** Supplied information follows **

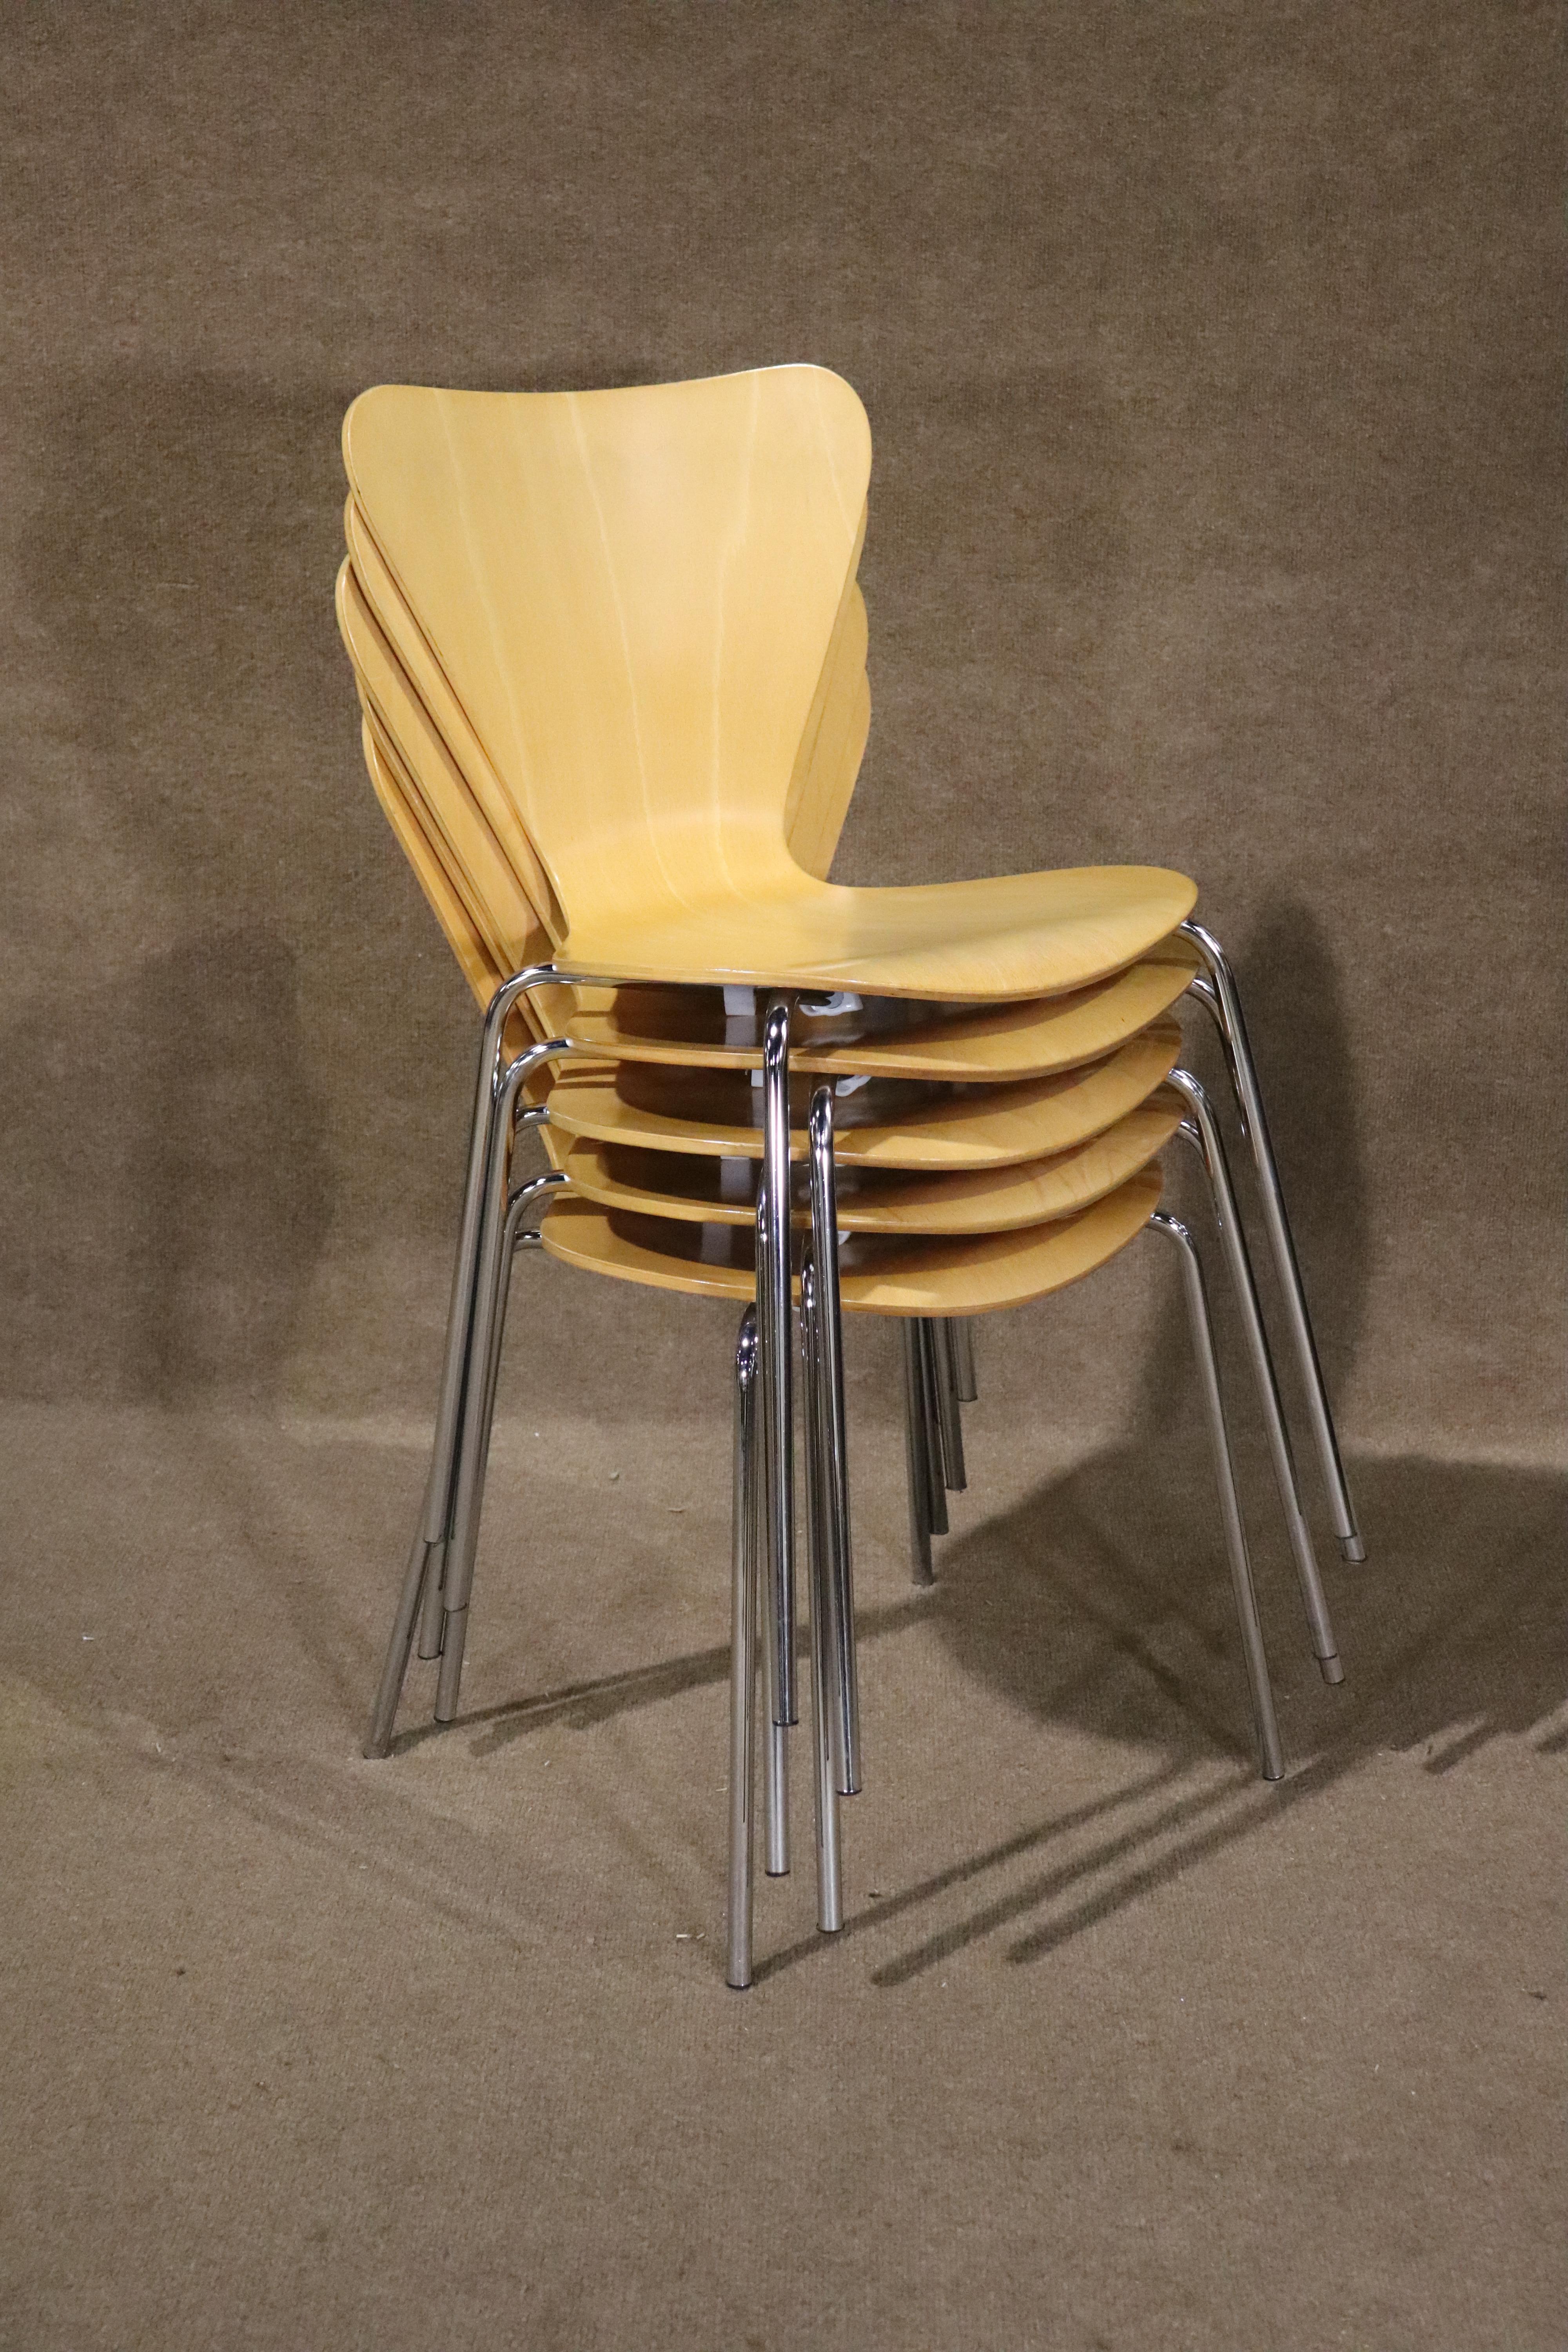 Ces chaises modernes s'inspirent des célèbres chaises empilables de la série 7 d'Arne Jacobsen. Design moderne simple du milieu du siècle avec des sièges en bois courbé d'érable sur des pieds en chrome poli.
Veuillez confirmer le lieu NY ou NJ
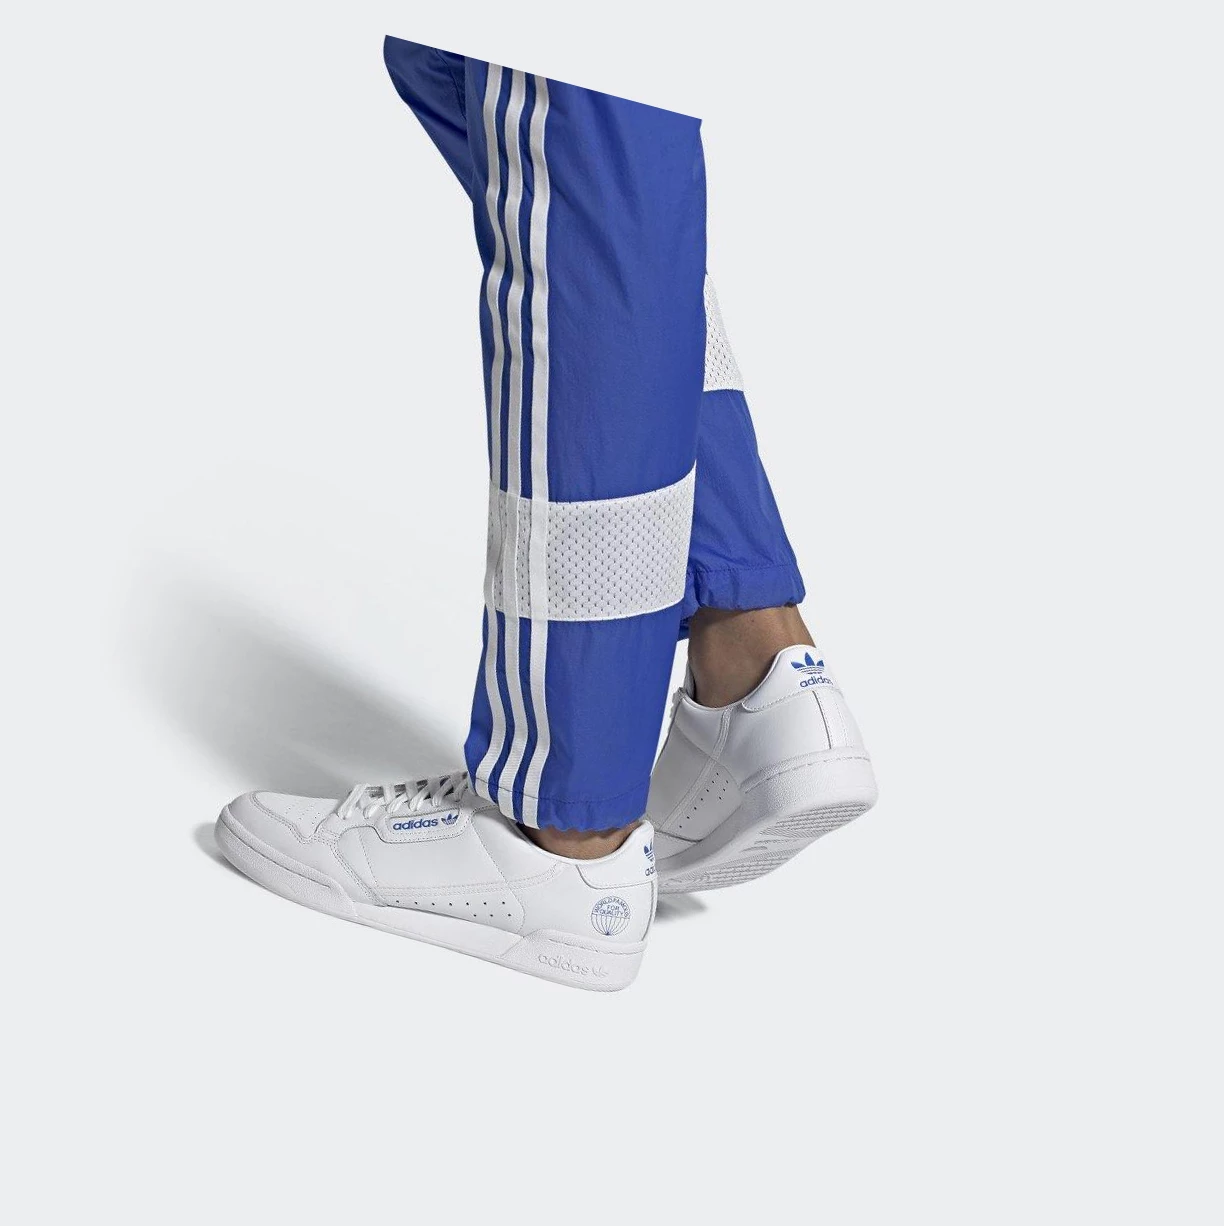 Originálne Topánky Adidas Continental 80 Damske Biele | 827SKHRVUPI

** End of Supplied information **

Task requirements: Any picture in the listing is to be omitted. Return exactly the lines from the one containing "Veuillez confirmer le lieu NY ou NJ" through its last line, both included, and only those.

Written response:
Veuillez confirmer le lieu NY ou NJ
 Originálne Topánky Adidas Continental 80 Damske Biele | 827SKHRVUPI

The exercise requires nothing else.